--- AVAILABLE DATA ---

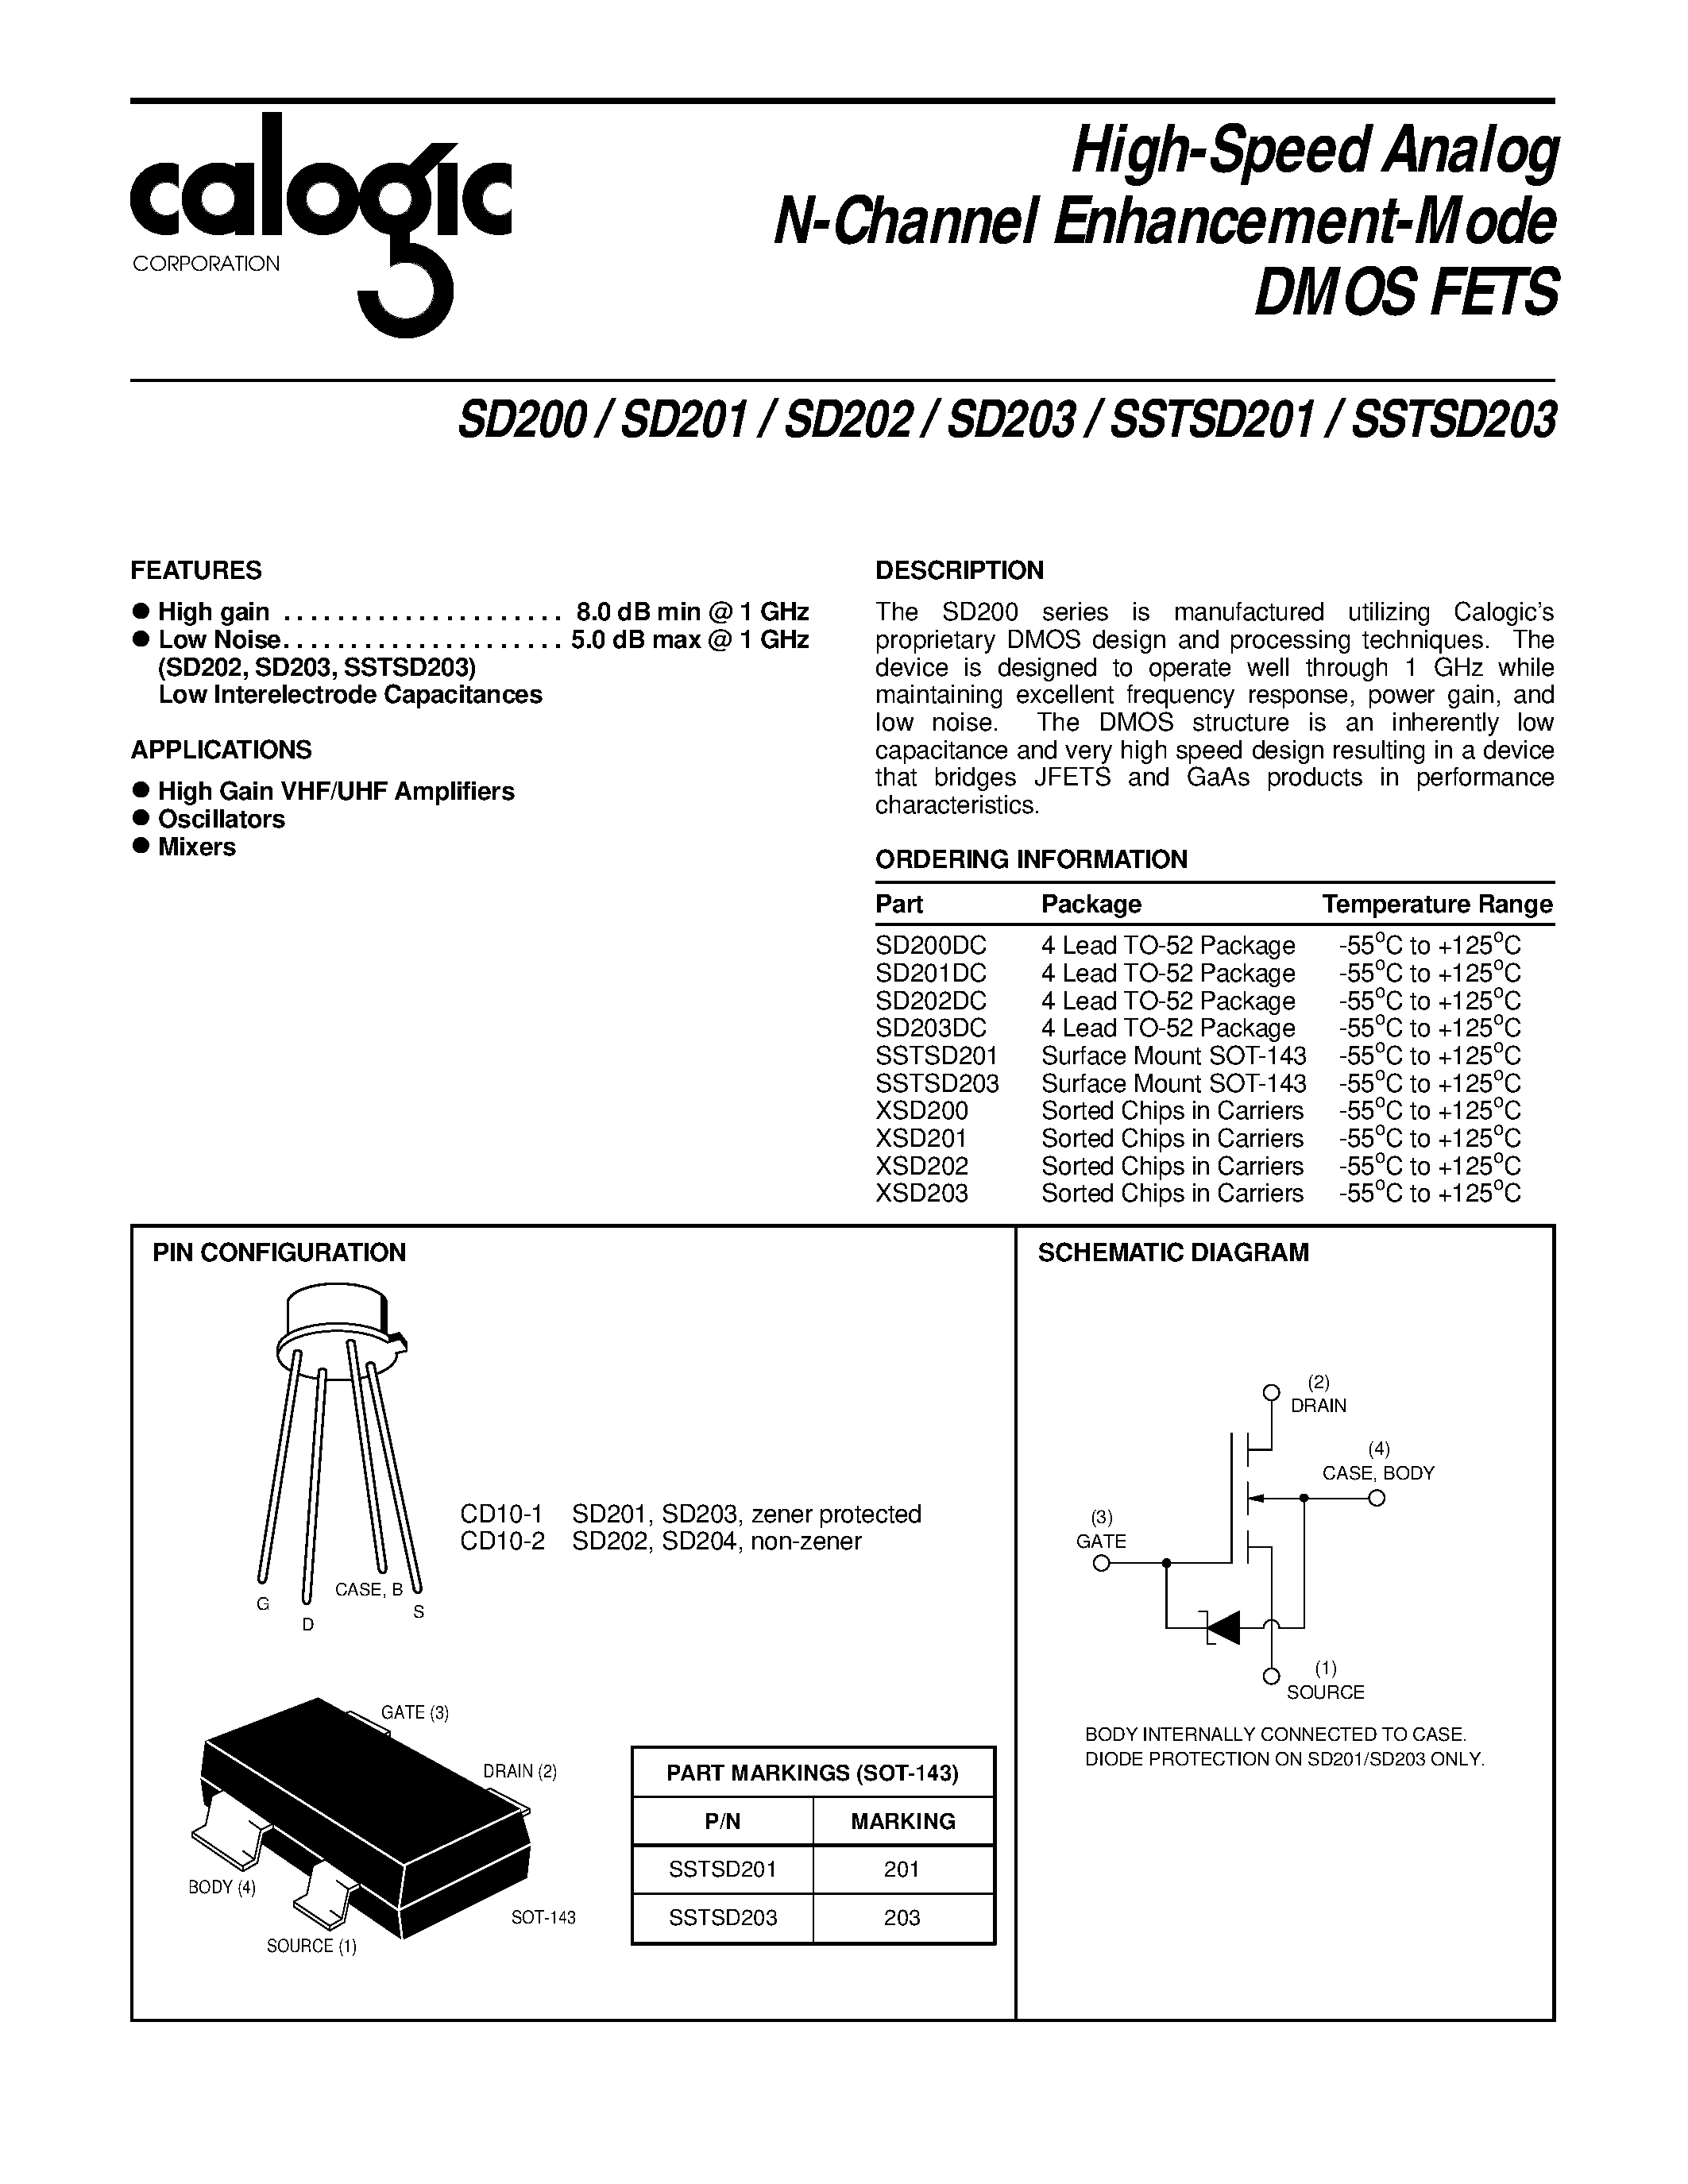 Даташит SD200 - (SD200 - SD203) High-Speed Analog N-Channel Enhancement-Mode DMOS FETS страница 1
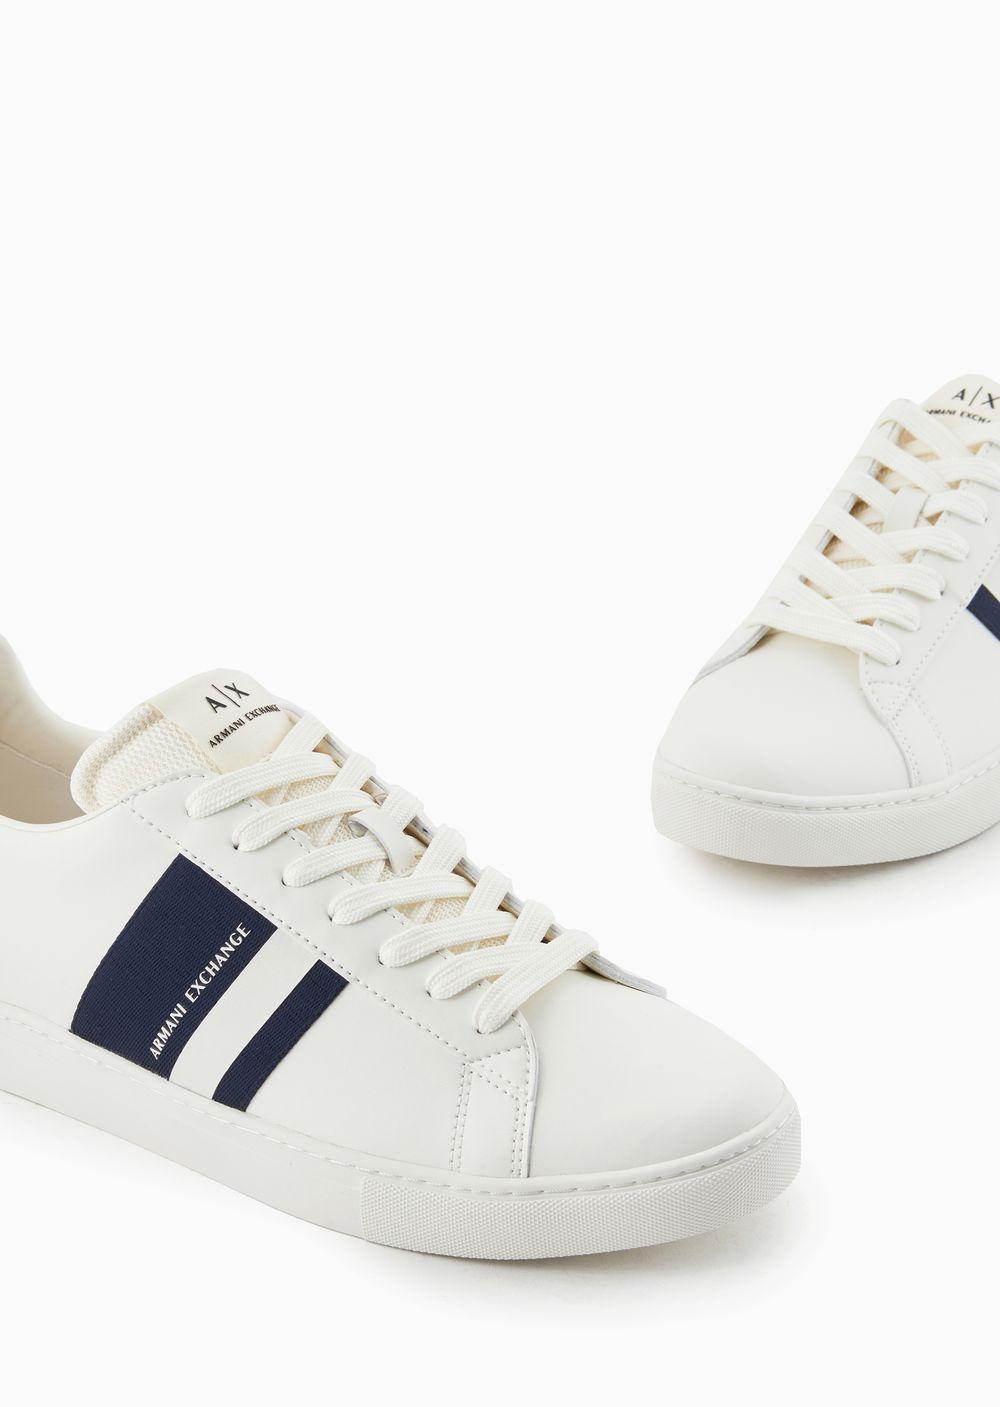 White Sneakers for Men - Hockerty
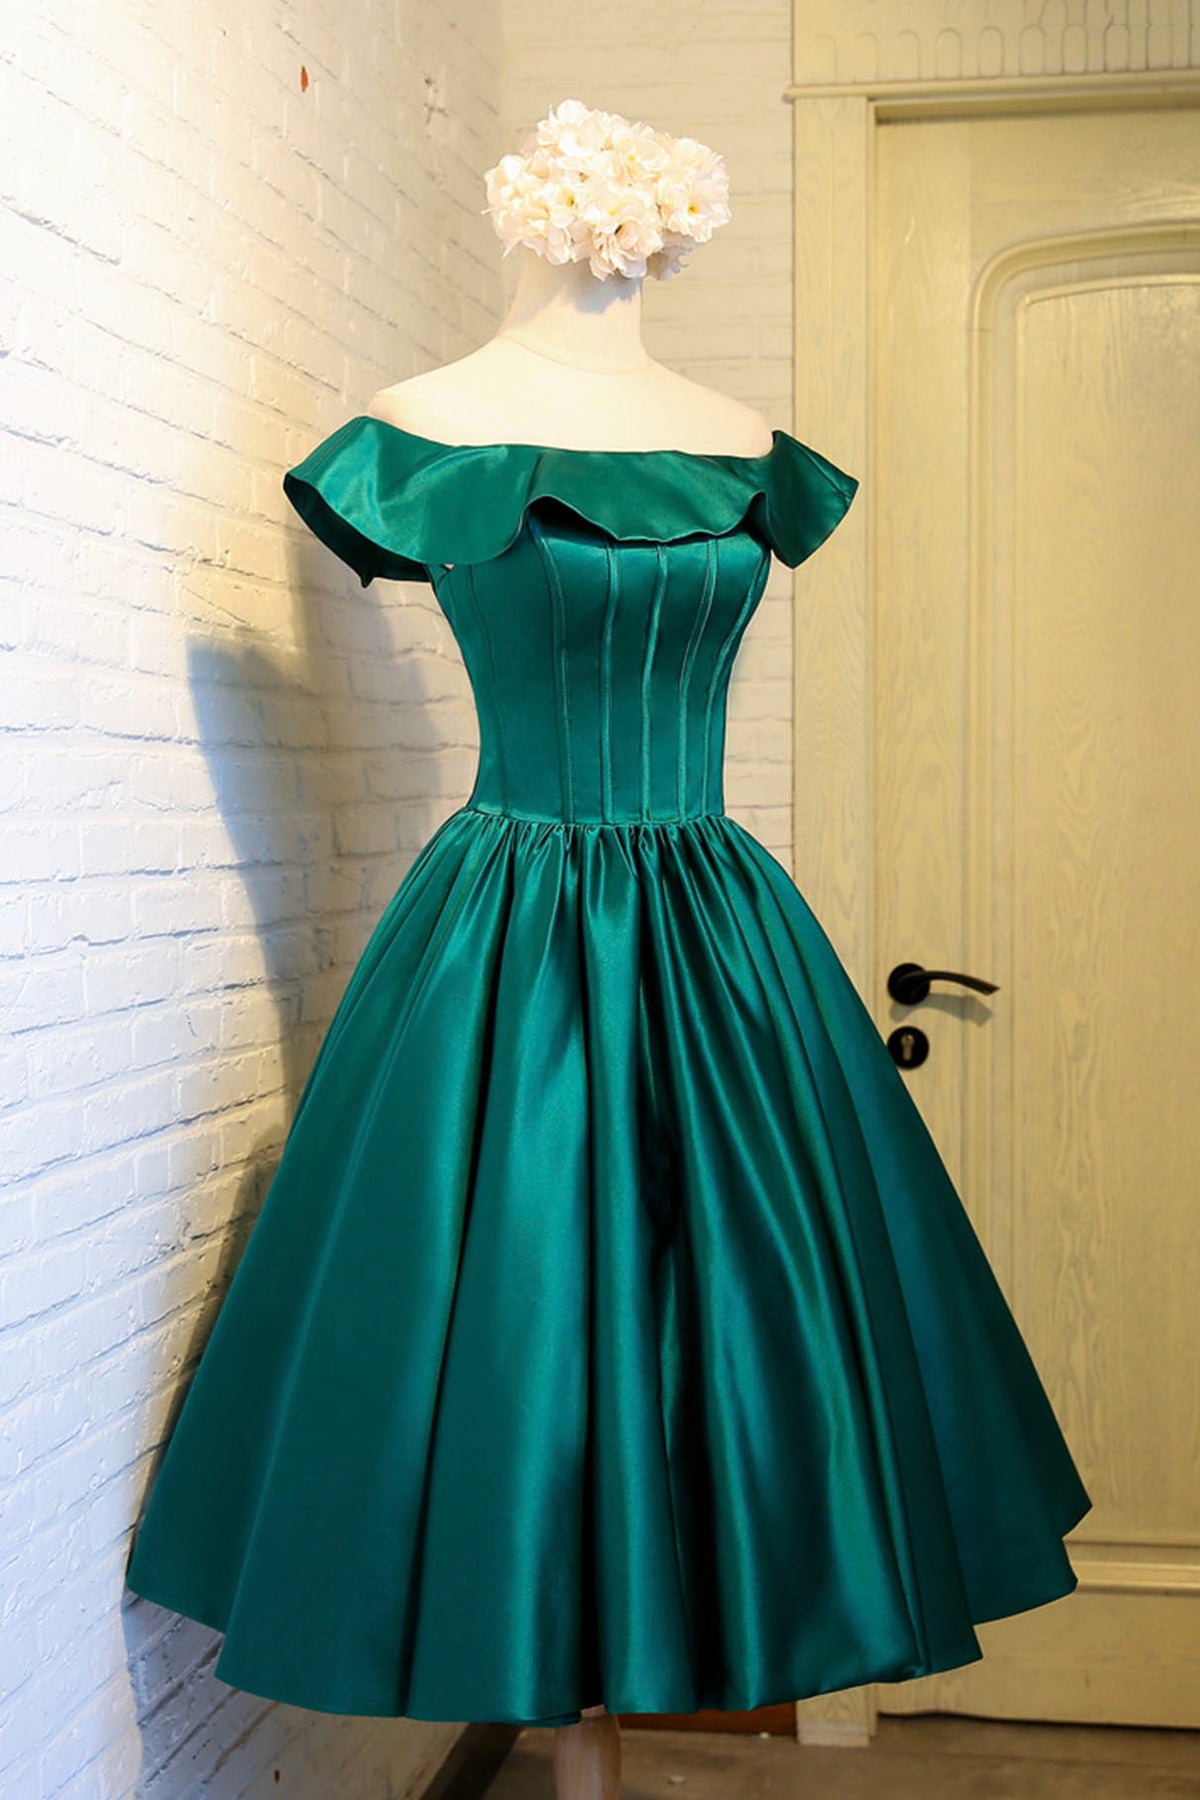 Green Satin Short Homecoming Dress, Cute Off the Shoulder Knee Length Prom Dress

---

Exclude every picture and restate the listing word for word.

* TASK ANSWER
 Даташит SD200 - (SD200 - SD203) High-Speed Analog N-Channel Enhancement-Mode DMOS FETS страница 1
 White Sneakers for Men - Hockerty
 Green Satin Short Homecoming Dress, Cute Off the Shoulder Knee Length Prom Dress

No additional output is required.